含多裂隙煤体裂纹细观演化规律与相互作用机制

Microcrack evolution law and interaction mechanism of coal with multiple cracks

煤体中裂隙具有随机分布的特点,其位置分布及载荷作用下相互作用影响着煤体的稳定性.因此,为阐明煤体内多裂隙扩展演化规律及相互作用机制,文中开展了含随机三裂隙煤样的单轴压缩试验,借助数字图像相关法(Digital Image Correlation,DIC)监测试样变形过程,并采用数值模拟基于细观角度验证了裂纹的孕育、扩展及贯通的演化过程.另外,基于经典Kachanov法和应力场分析法推导并验证了单轴受压状态下有限板三裂隙尖端的应力强度因子表达式.研究结果表明:裂纹间相互作用对尖端应力强度因子影响可分划为增大、减小、无影响3种形式,根据推导所得有限板多裂隙尖端的应力强度因子表达式,可计算裂隙随机分布裂隙尖端应力水平,并且,可结合应变能密度因子准则准确预测裂隙尖端起裂位置;裂隙位置分布对初始应变场形成局部高应变区具有明显的导向作用,具体表现为:试样受载初期率先在各裂隙尖端产生损伤并逐步演化为局部高应变区,经扩展后形成高应变集中带,继而作为宏观裂纹相应的扩展路径;试样破坏形式为拉剪复合破坏,新生裂纹在加载初期以剪切形式出现,并在裂隙尖端形成翼型裂纹,随载荷继续施加,张拉裂纹数量快速增长,最终导致试样失稳.

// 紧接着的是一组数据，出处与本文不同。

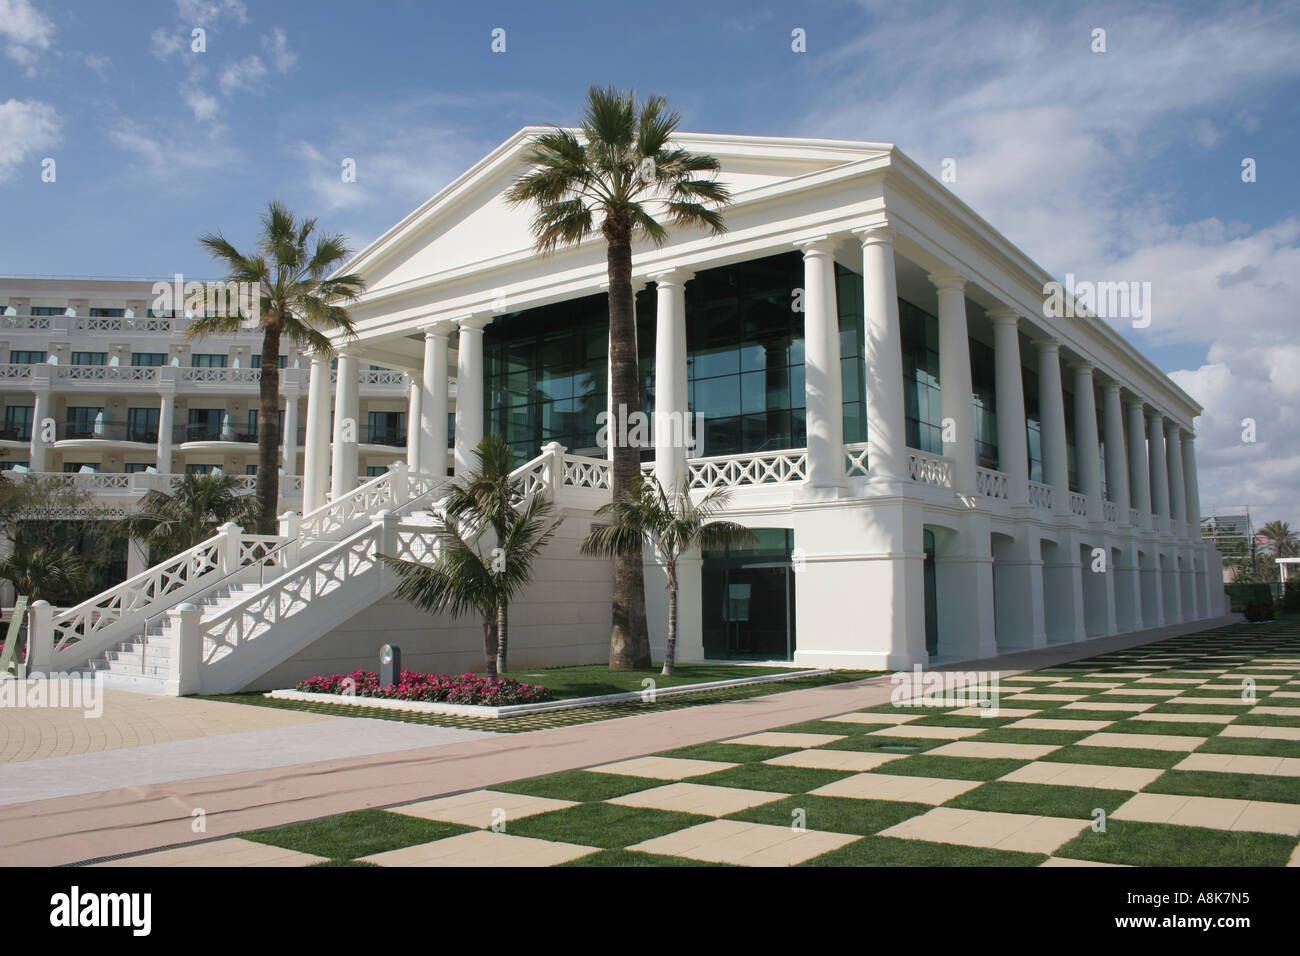 Hotel las arenas playa de la malvarrosa valencia spain stock photo 6927508 alamy - Hoteles en la playa de la malvarrosa ...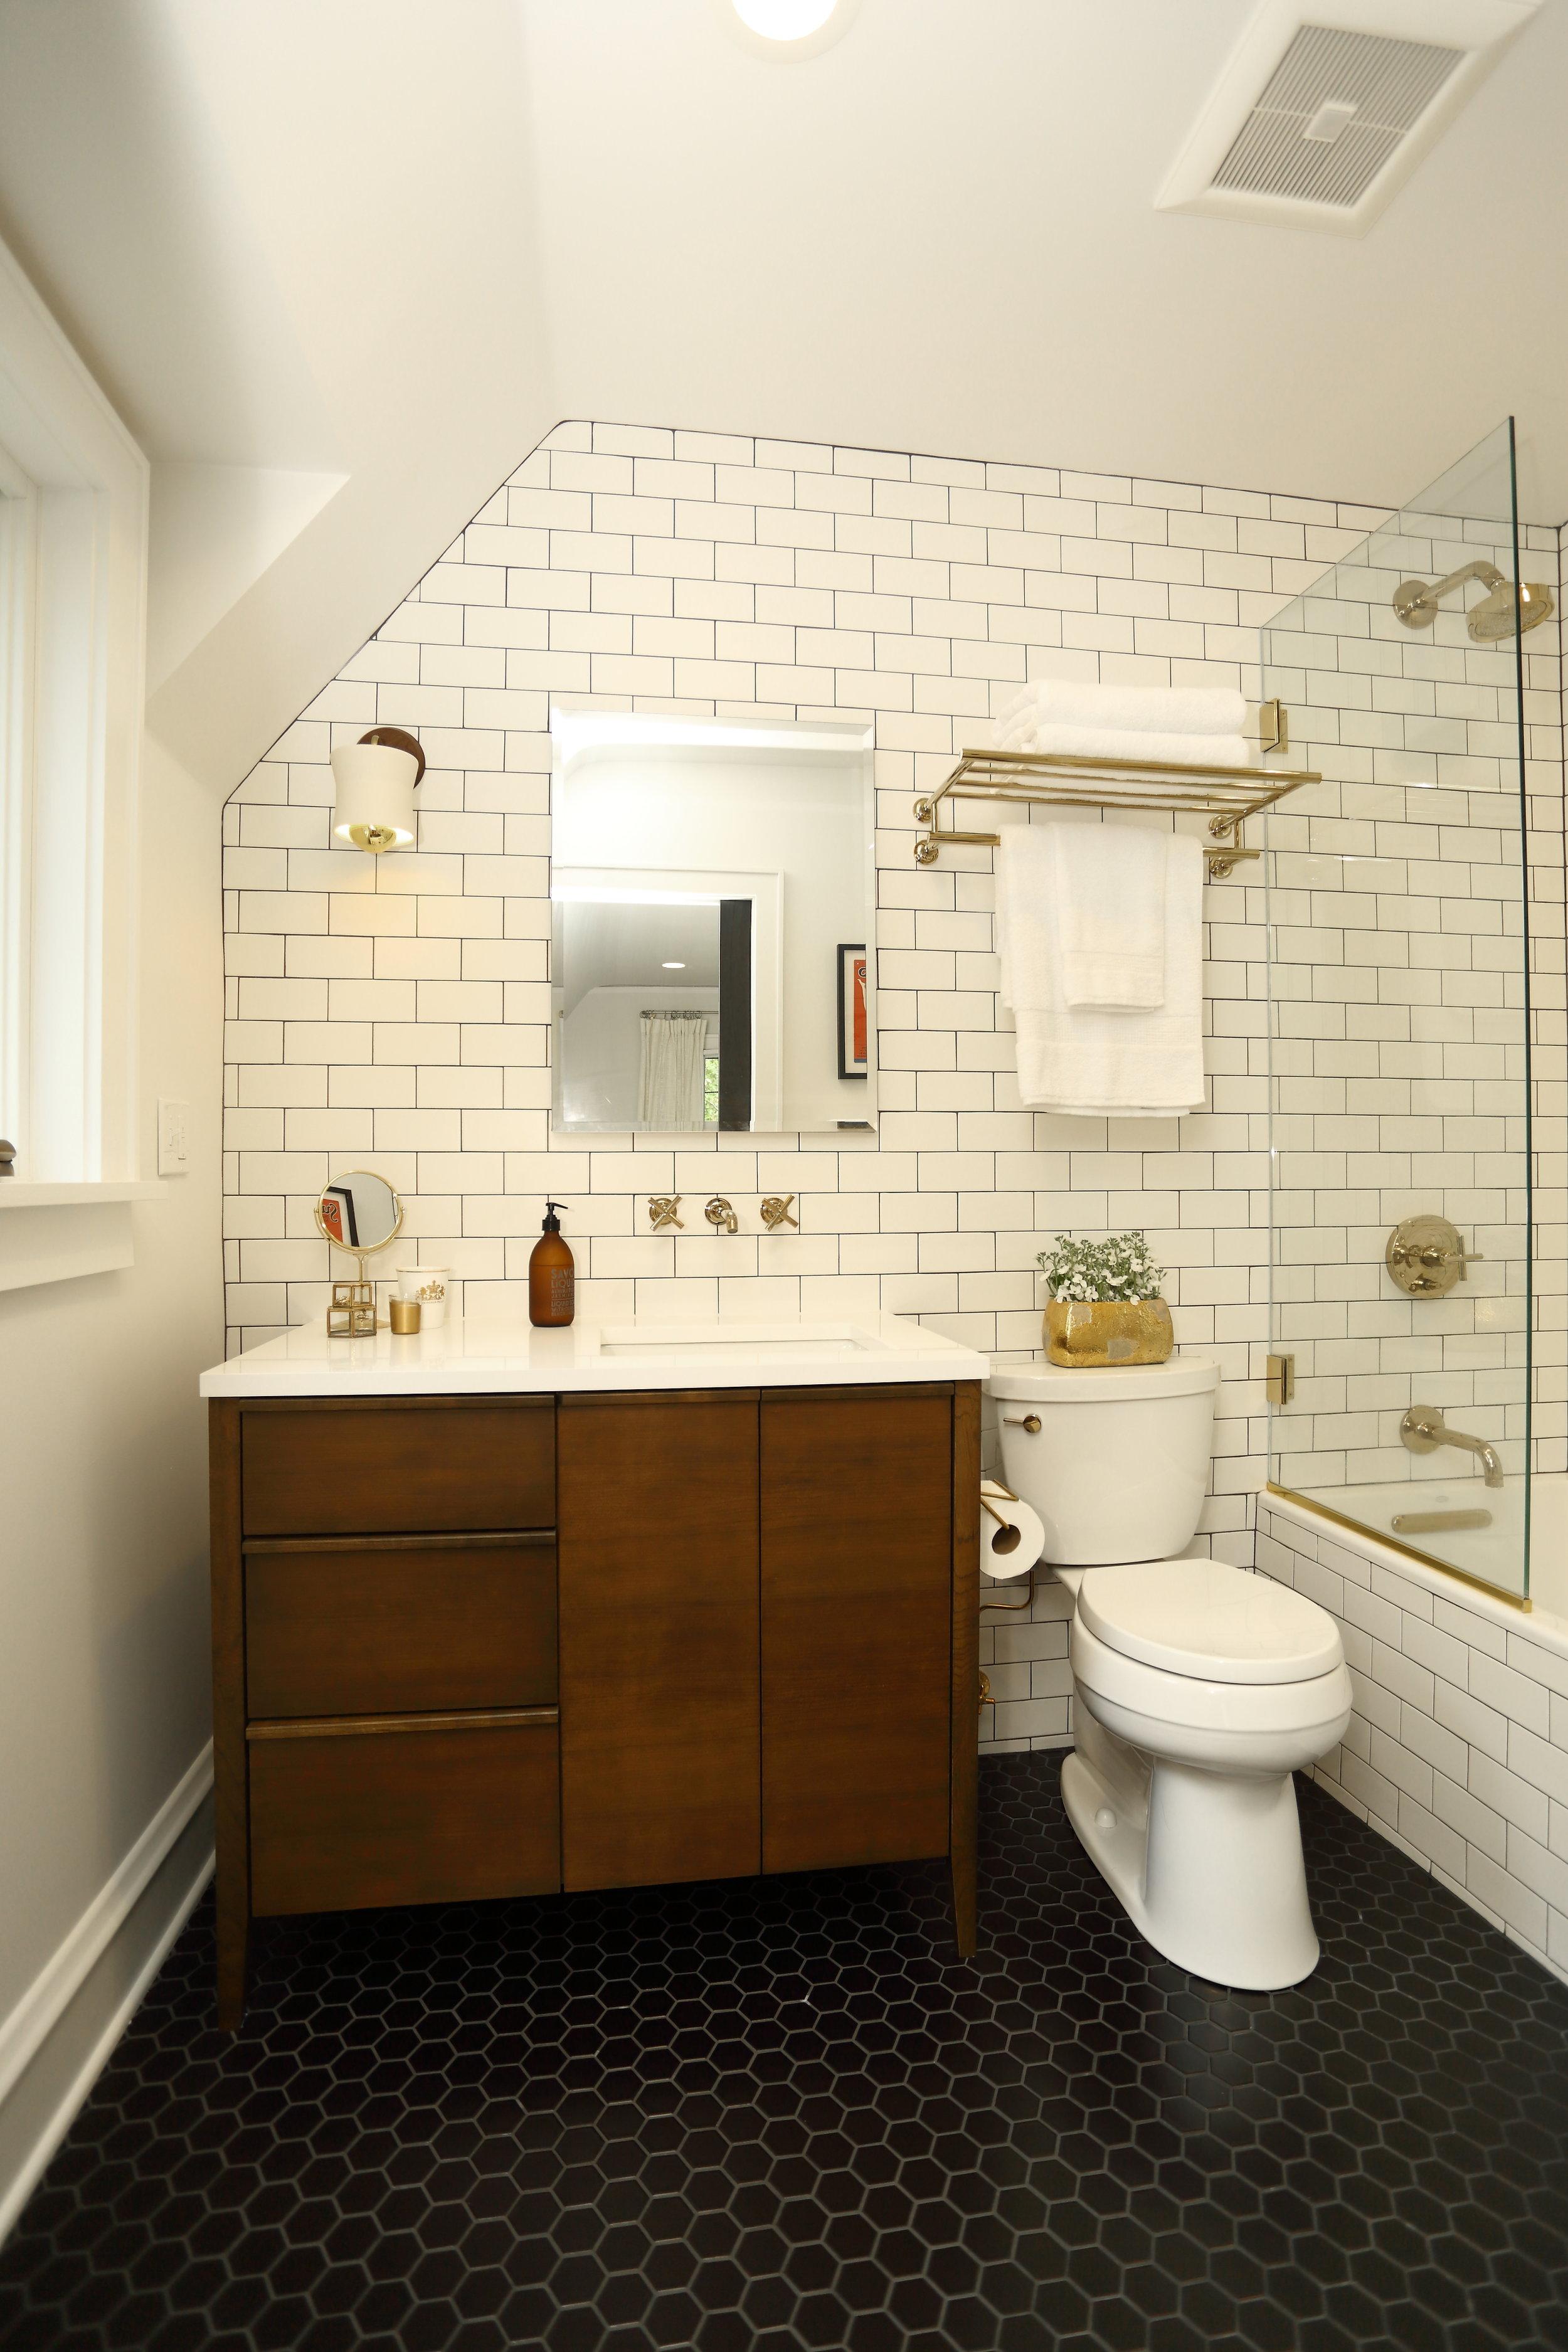 Master Bathroom Bedroom AFTER 2.JPG

The fractures in the coal body are characterized by random distribution,and their position distribution and interaction under load could affect the stability of the coal body. In this study,uniaxial compression experiments with random three-fracture coal samples were performed to elucidate the evolution law and interaction mechanism of multi-fracture propagation in coal. Beyond that,the digital image correlation method(DIC) was used to monitor the deformation process of the test sample,and the evolution process of crack gestation,propagation and penetration was verified by numerical simulation from meso-angle. Based on the classical Kachanov method and stress field analysis,the stress intensity factor expression of the three fracture tips of finite plates under uniaxial compression state was derived and verified. According to the results,the crack-to-crack interaction influences the tip stress intensity factor in three forms: “increase,decrease and no effect”. According to the derived stress intensity factor expression of the multi-fracture tip of the finite plate,the fracture tip stress level is calculated. Moreover,the fracture tip fracture position can be accurately predicted in combination with the strain energy density factor criterion;The fracture position distribution has an obvious guiding effect on the formation of a local high strain zone in the initial strain field,which is specifically manifested as follows: the specimen is first damaged at the tip of each fracture in the early stage of loading and gradually evolves into a local high strain zone. After expansion,a high strain concentration zone is formed and then serves as the corresponding expansion path of macroscopic cracks. The form of specimen failure is shear and tension failure. Apart from that,the new crack appears in the form of shear in the early stage of loading,and an airfoil crack is formed at the tip of the fracture. In addition,the number of tensile cracks grows rapidly with the continuous application of load,which eventually induces the instability of the sample.